INFORMATION SHOWN.
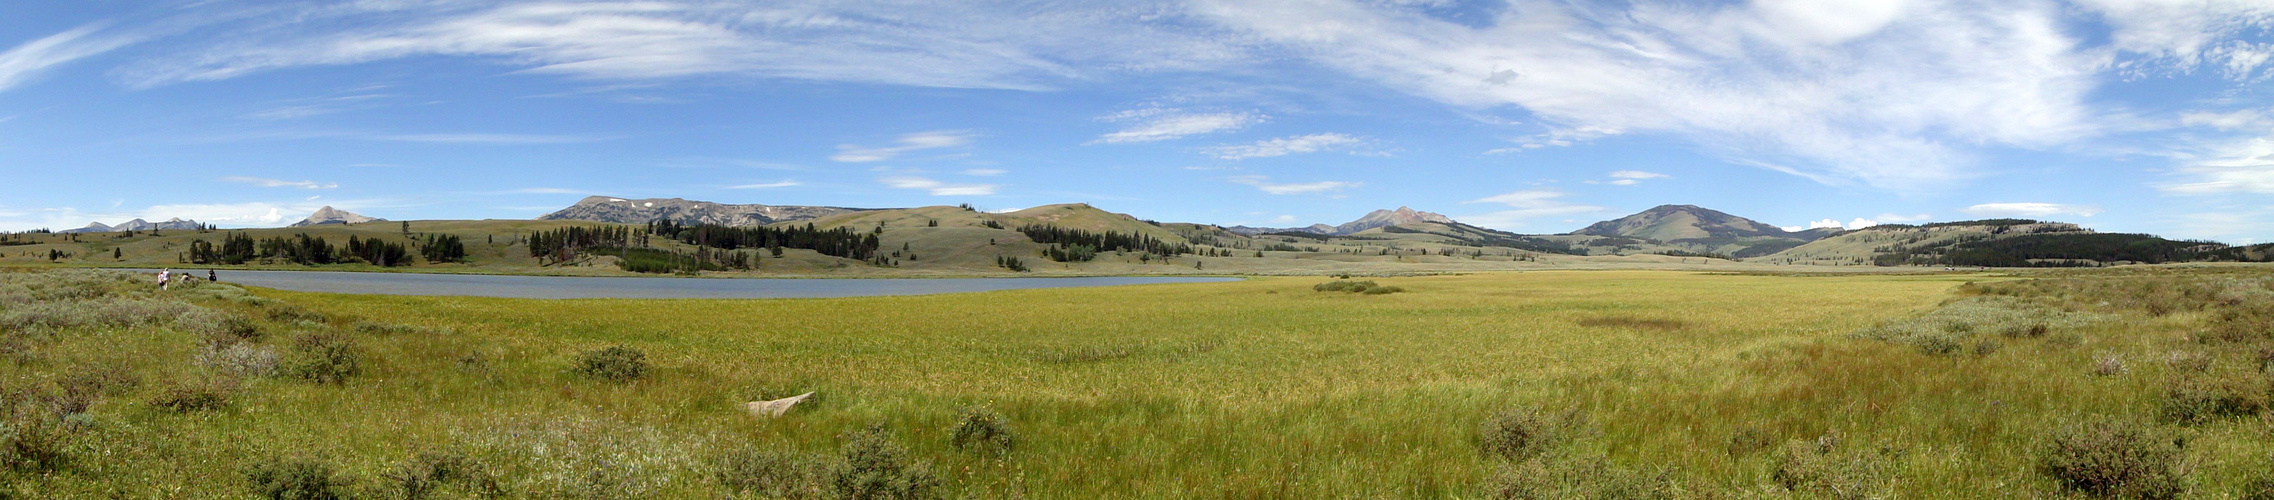 Yellowstone NP und seine Grösse
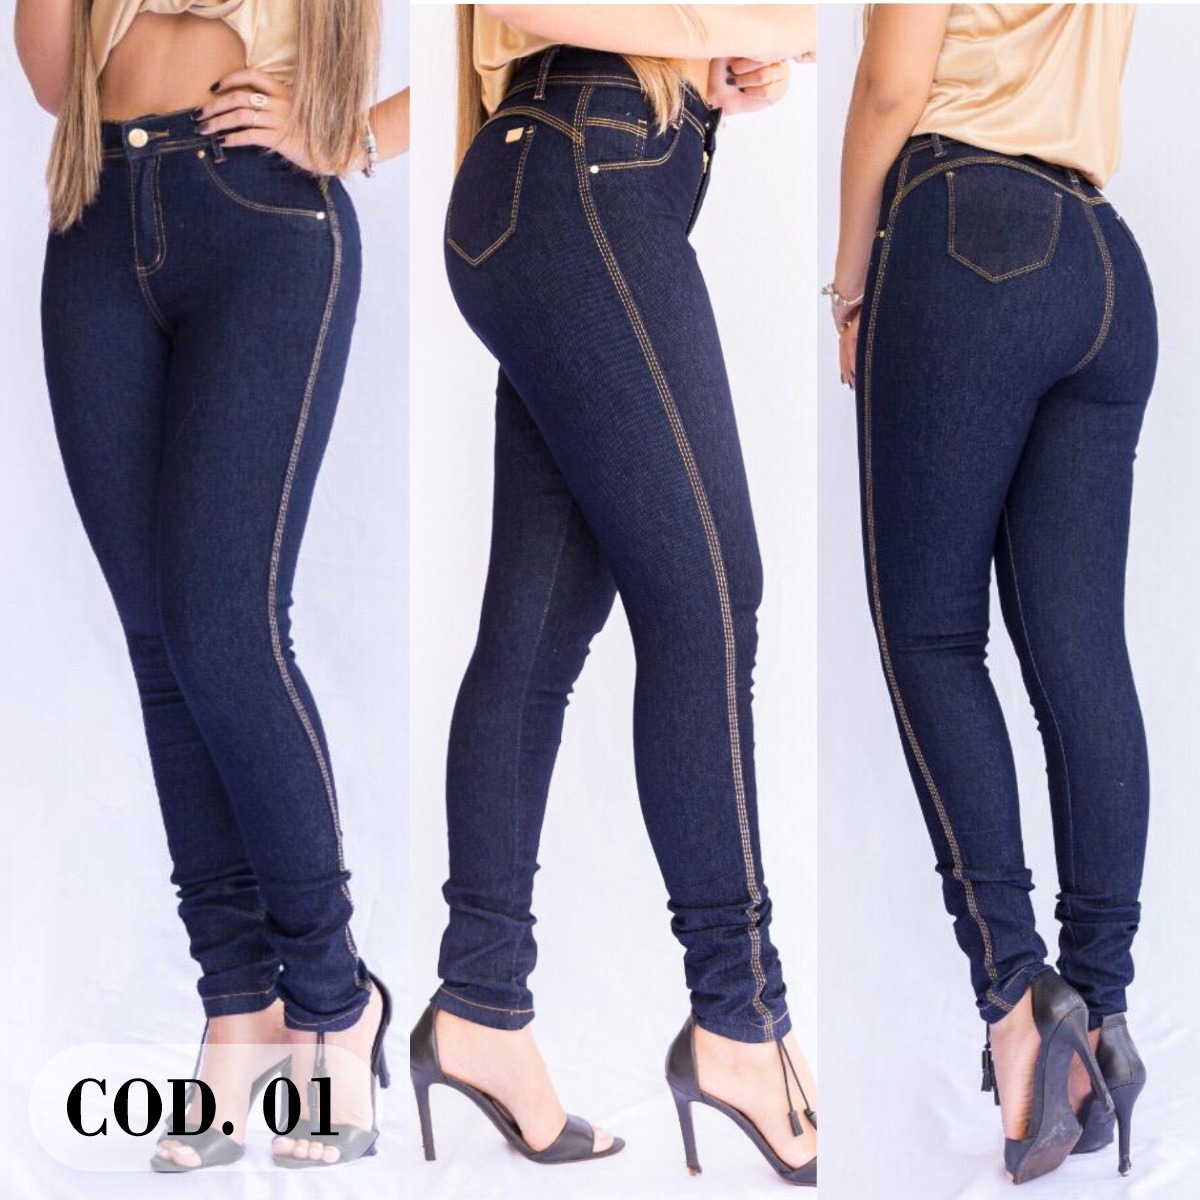 calça jeans preta feminina cintura alta mercado livre
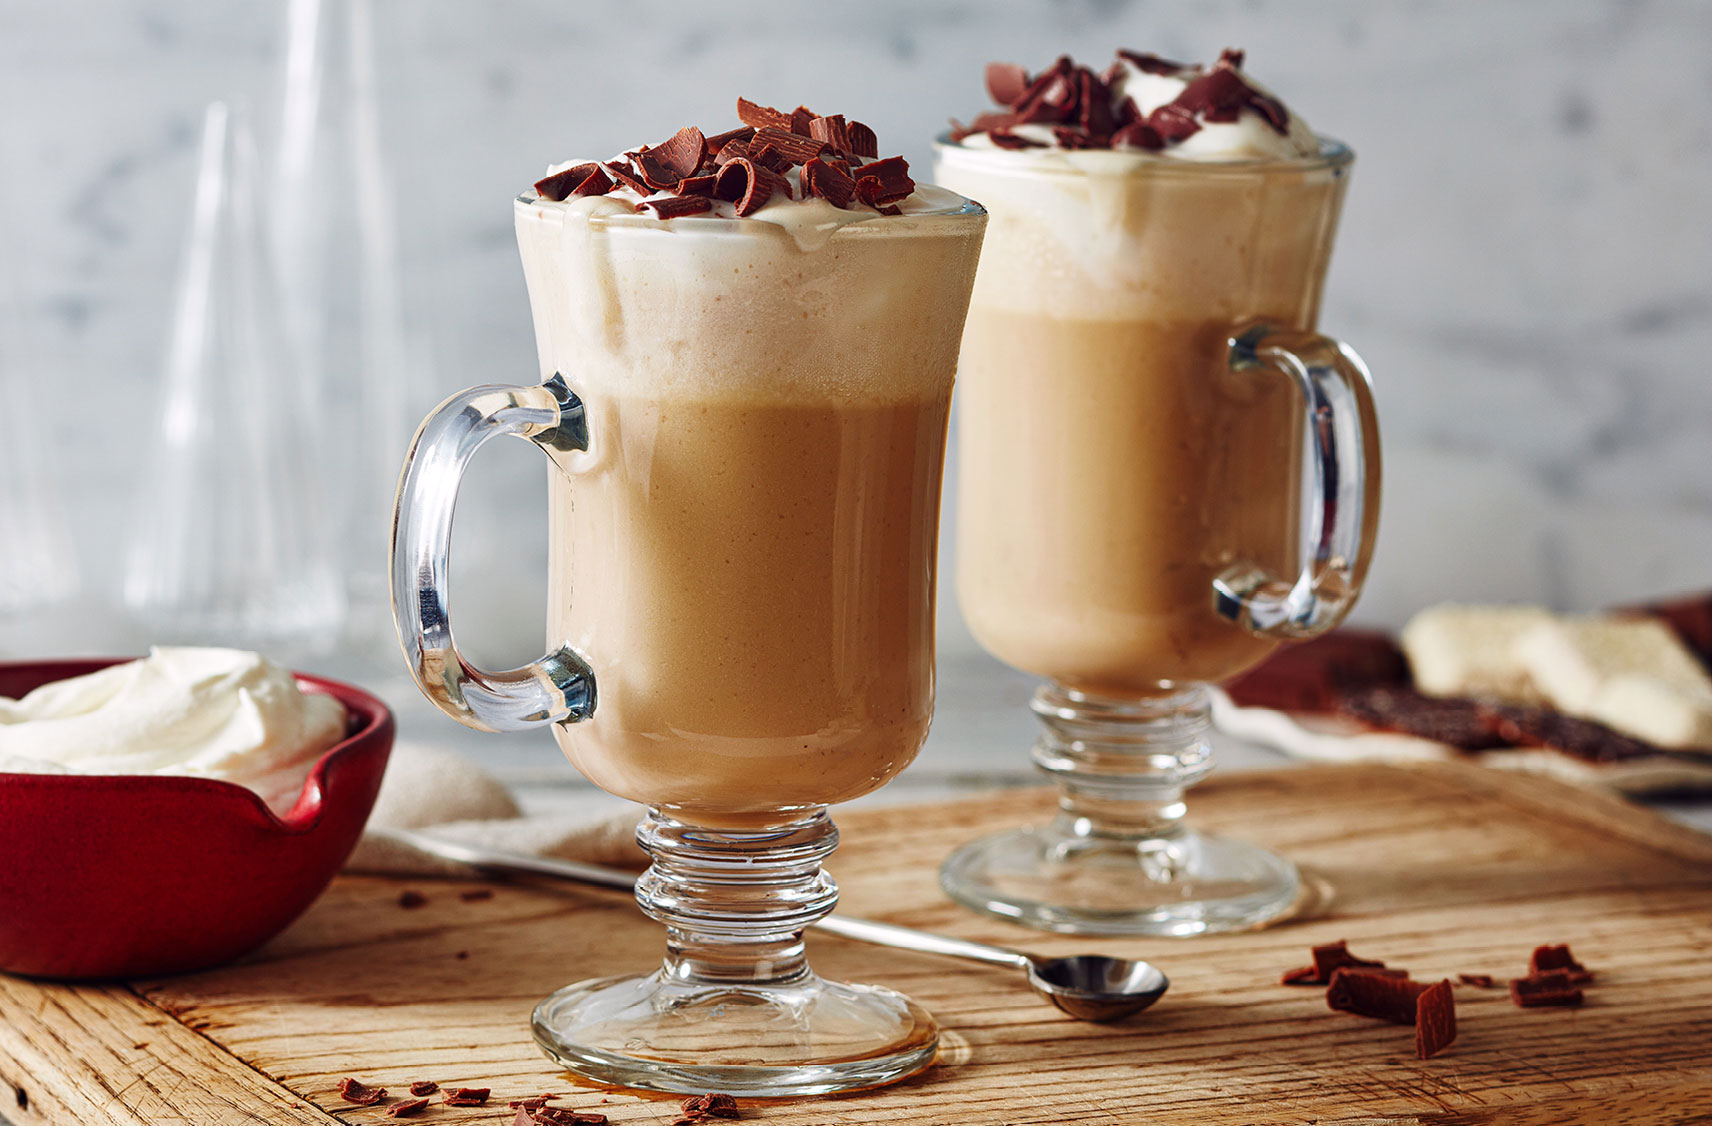 Deux lattés chauds garnis de crème fouettée et de copeaux de chocolat dans des tasses en verre.
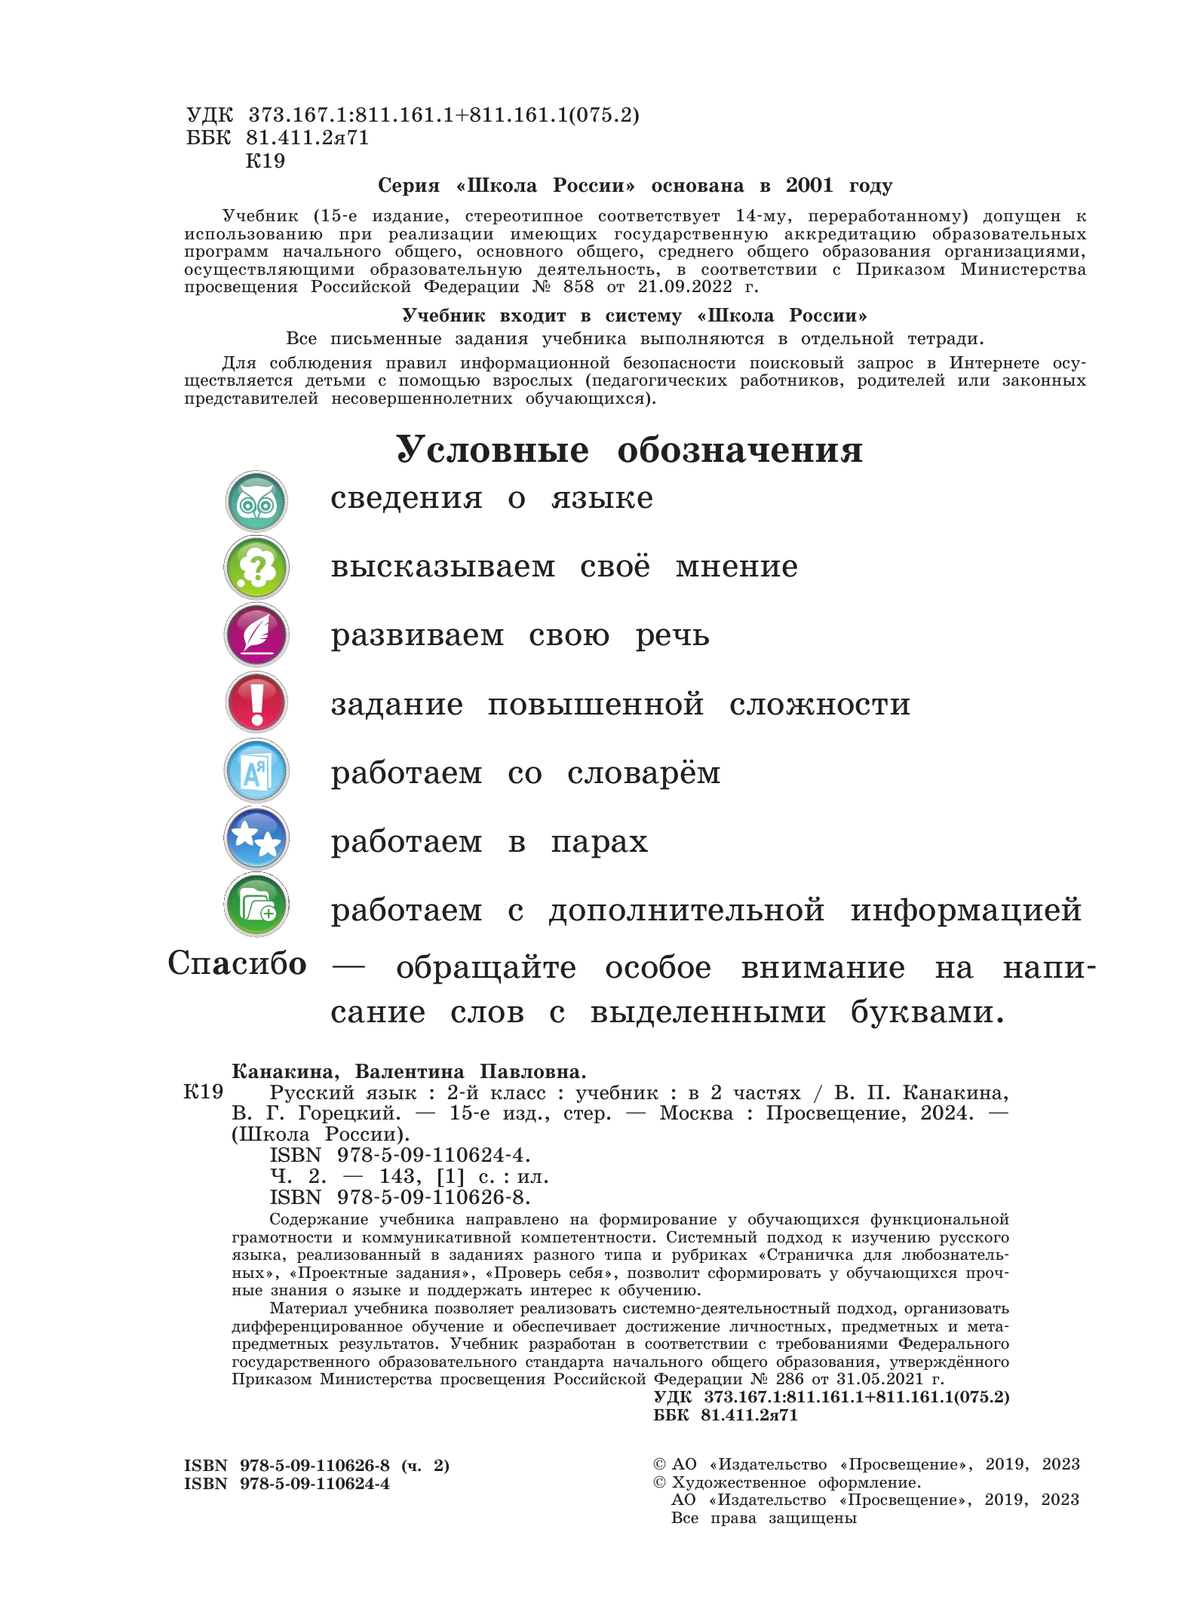 Русский язык. 2 класс. Учебник. В 2 ч. Часть 2 3

AIM OF THE TASK.
An exact transcript is required, covering the lines from the one containing "calça jeans preta" through the end of the listing above, inclusive, without pictures.

THE COMPLETED TASK.
 calça jeans preta feminina cintura alta mercado livre
 Deux lattés chauds garnis de crème fouettée et de copeaux de chocolat dans des tasses en verre.
 Русский язык. 2 класс. Учебник. В 2 ч. Часть 2 3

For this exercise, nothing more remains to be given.